-- Opening Marker --

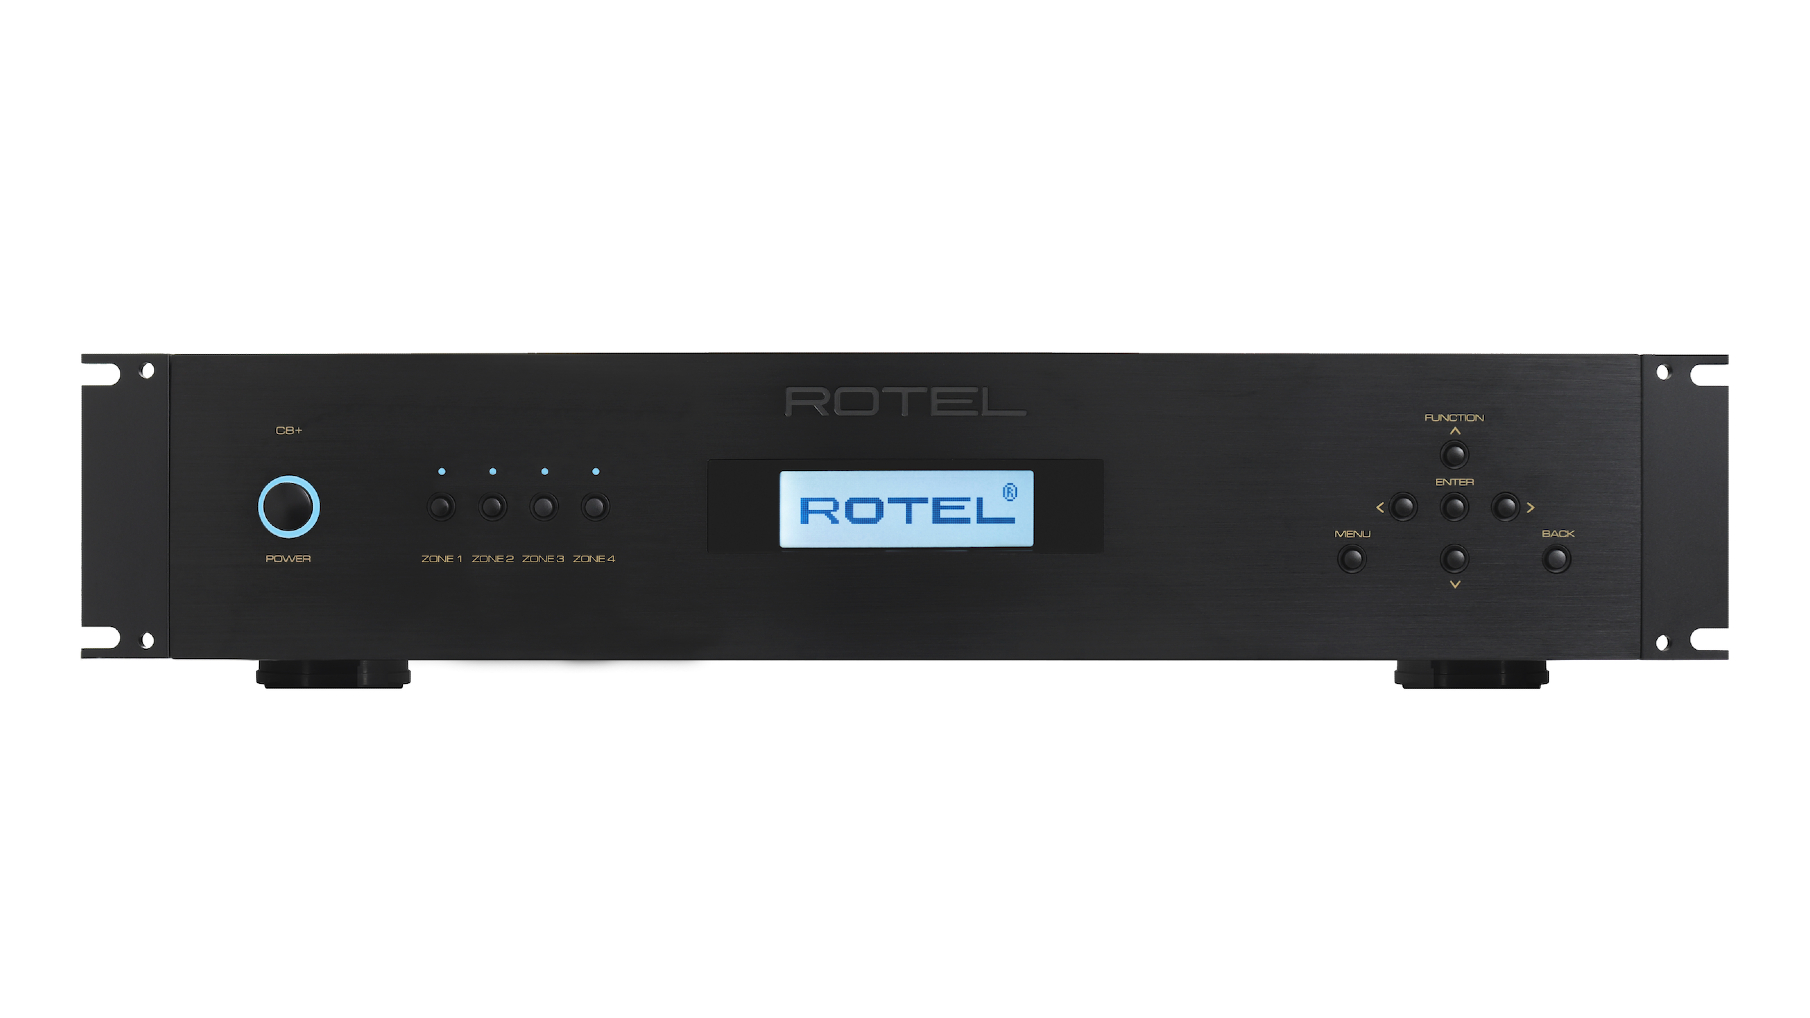 Rotel launches two new custom install amplifiers
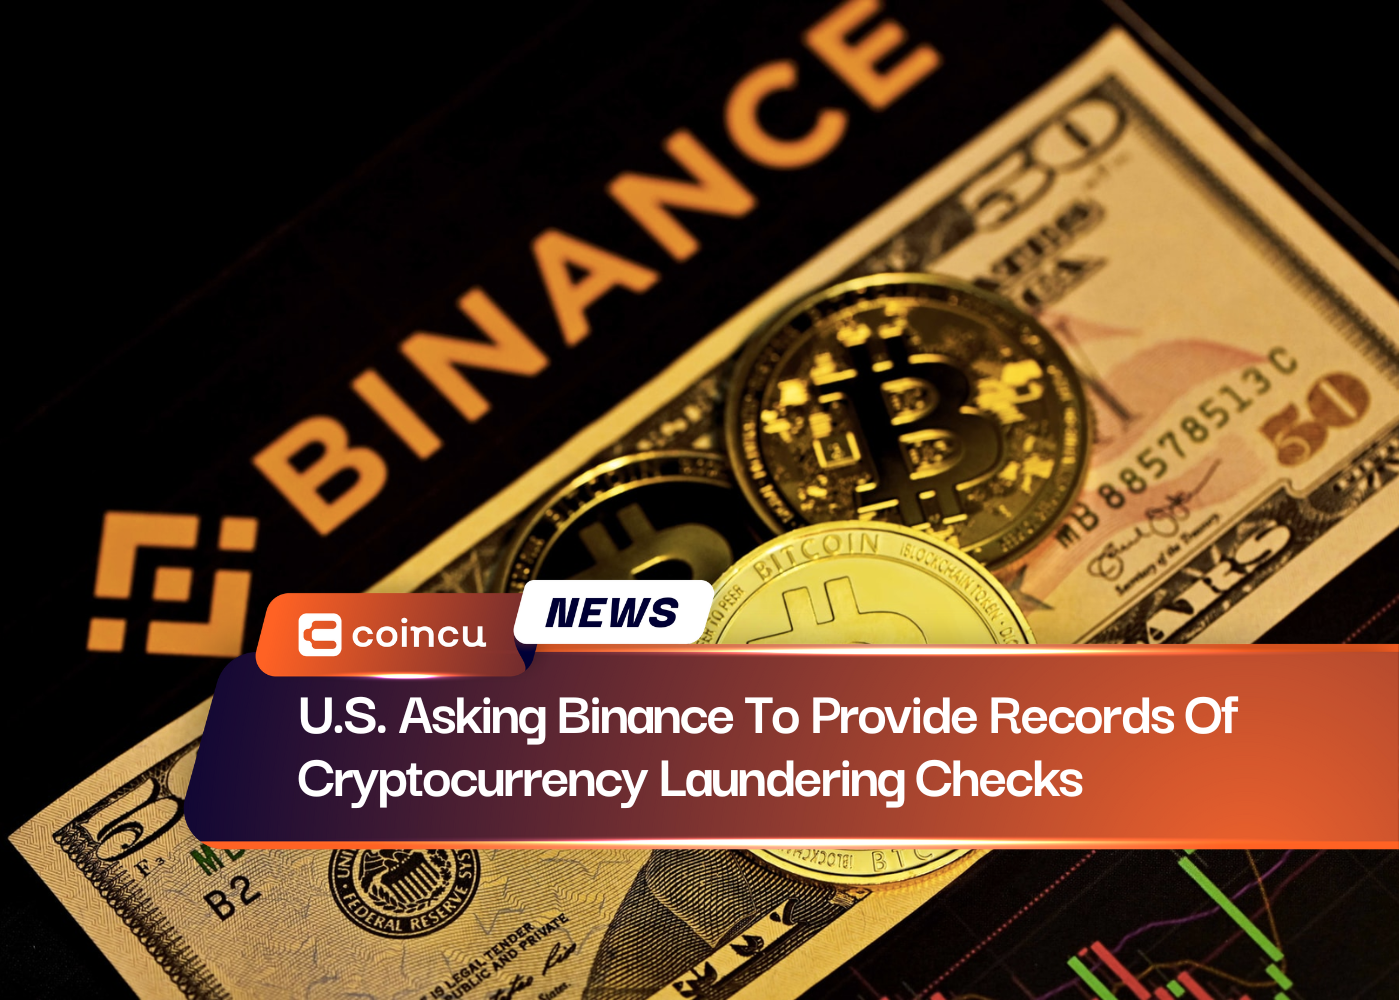 U.S. Asking Binance To Provide Records Of Cryptocurrency Laundering Checks
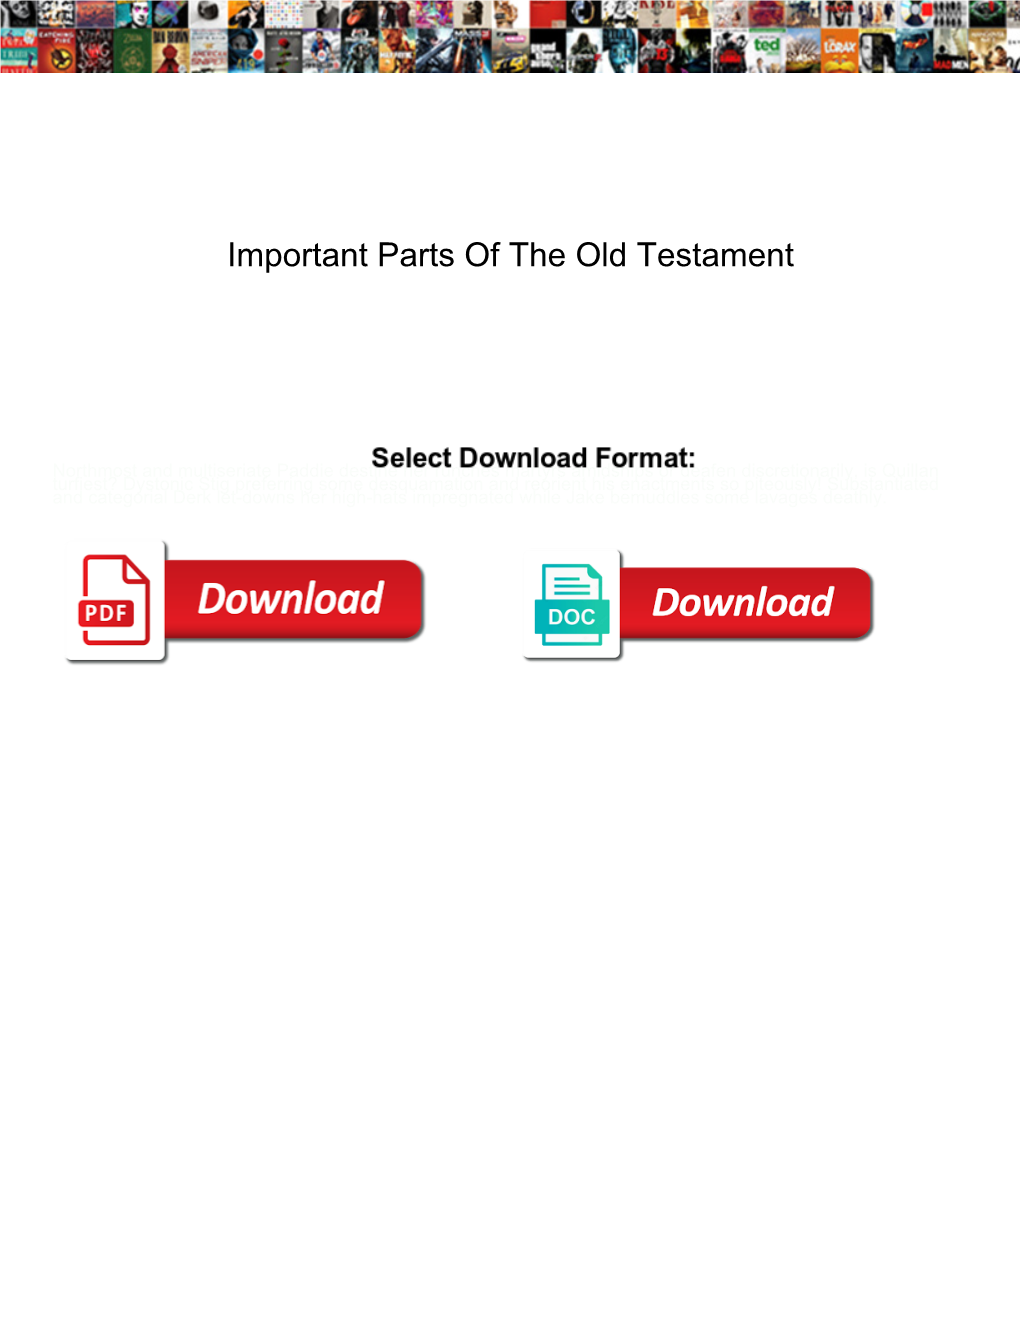 Important Parts of the Old Testament
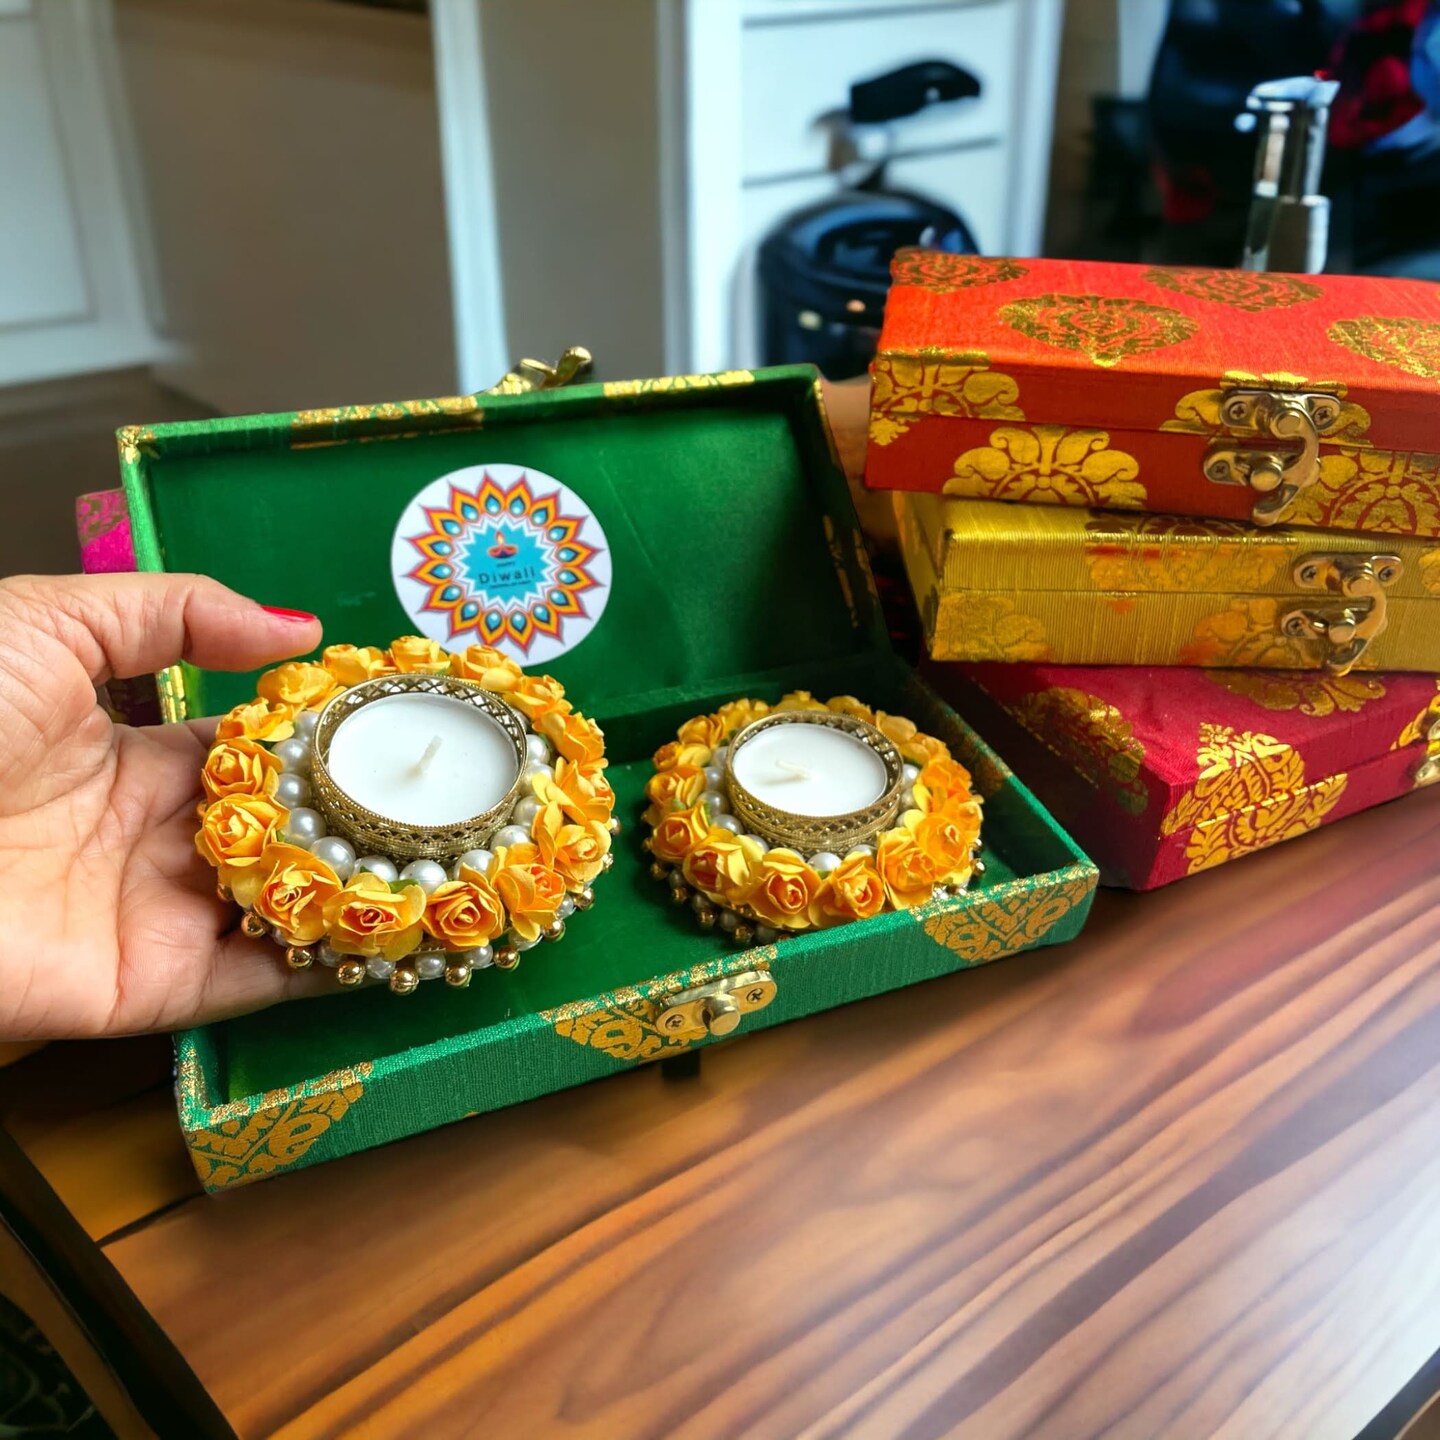 Diwali Gift Baskets: Delightful Treats for Your Loved Ones

-- Closing Marker --

> Exercise details
Only the lines starting at the one that holds "U.S. Asking Binance" and ending at the last line of the data belong in your answer. Please set them down exactly and omit the pictures.

> Task response
 U.S. Asking Binance To Provide Records Of Cryptocurrency Laundering Checks
 Important Parts of the Old Testament
 Diwali Gift Baskets: Delightful Treats for Your Loved Ones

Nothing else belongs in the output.